The plasma “trap” is formed by magnetism, and Zirin (“Astrophysics of the Sun”) lists the main parts –reviewed below.

Fields: quiet prominences arise where surface fields are rather weak, about 10 times Earth’s field (i.e. 5-10 gauss). Such fields occur in bands on the Sun at latitudes above the current spots, where large unipolar regions are found. Where two such regions adjoin, a plasma “trap” can form. Between the ‘unlike’ regions a narrow “neutral line” arises, and a “magnetic channel” forms there.

Magnetic channel: Most emerging field is vertical, but at the neutral line the fields connect across the zone as loops. However, below these loops the fields do not connect across the gap, but instead turn 90º from vertical to horizontal, and run in opposite directions along the channel – forming parallel “fences” of horizontal field that can entrap material. This “makes sense because the field can hold up the material only if it is horizontal. (Zirin, p274)”.

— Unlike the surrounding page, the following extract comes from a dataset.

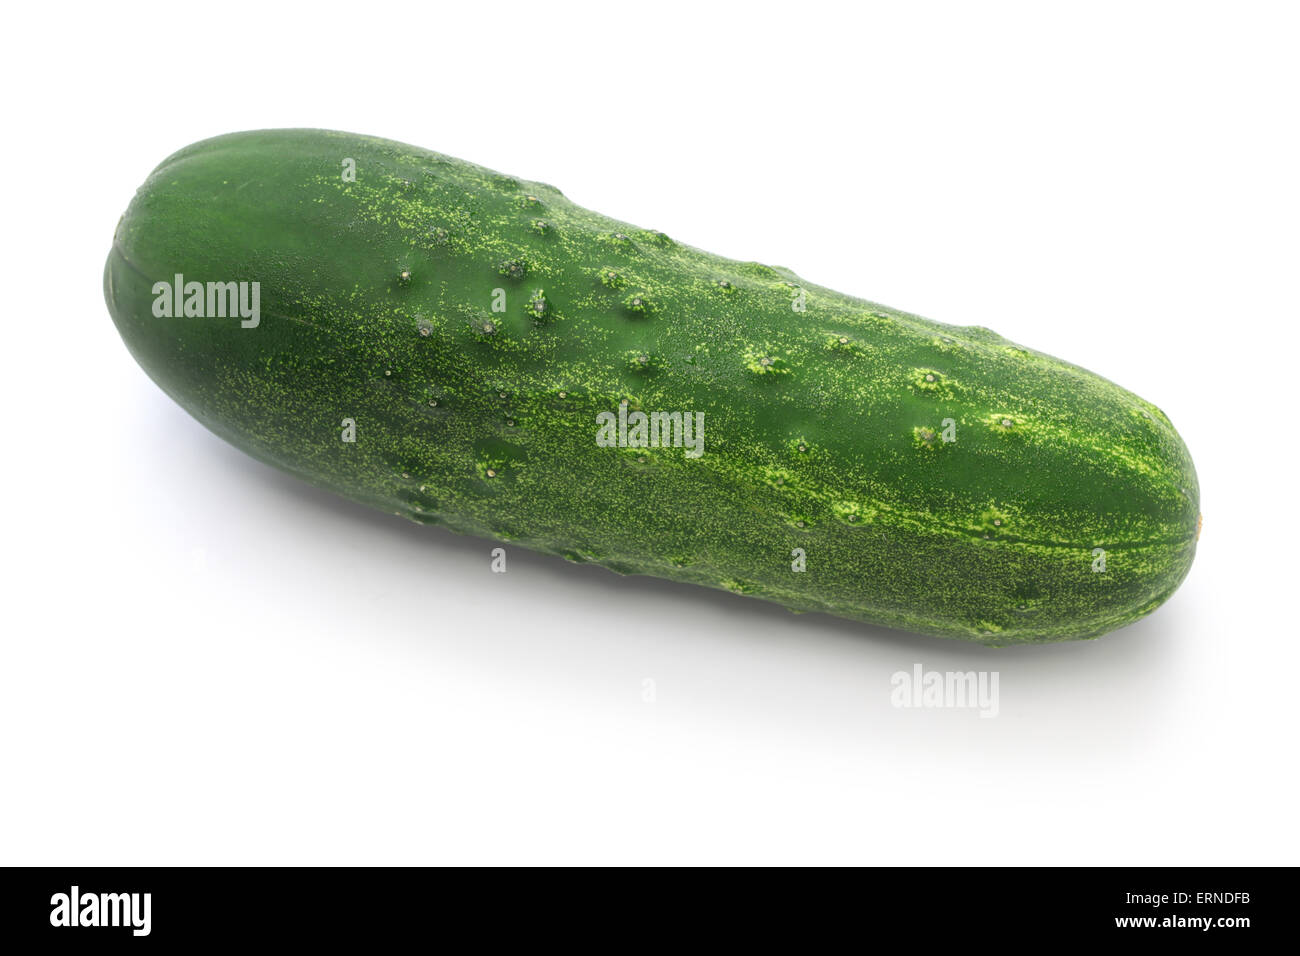 cucumber isolated on white background Stock Photo

“Plasma cannot be contained by field lines convex to it” (p278), – i.e. plasma will escape unless the “trap” is everywhere concave.

Exact details are still under study – and how material gets in is unknown. The captured material grows into a sheet 50Mm high, and sometimes as wide. And while the filament (or prominence) can be 50 Mm high, above that height it becomes unstable – and soon erupts, apparently as the transverse loops are broken. Yet the “trap” survives, and often refills in a day or so.

The “caged” filament can grow so dense it “blankets” the Sun’s surface, and a bright band below the filament is often seen in H-alpha.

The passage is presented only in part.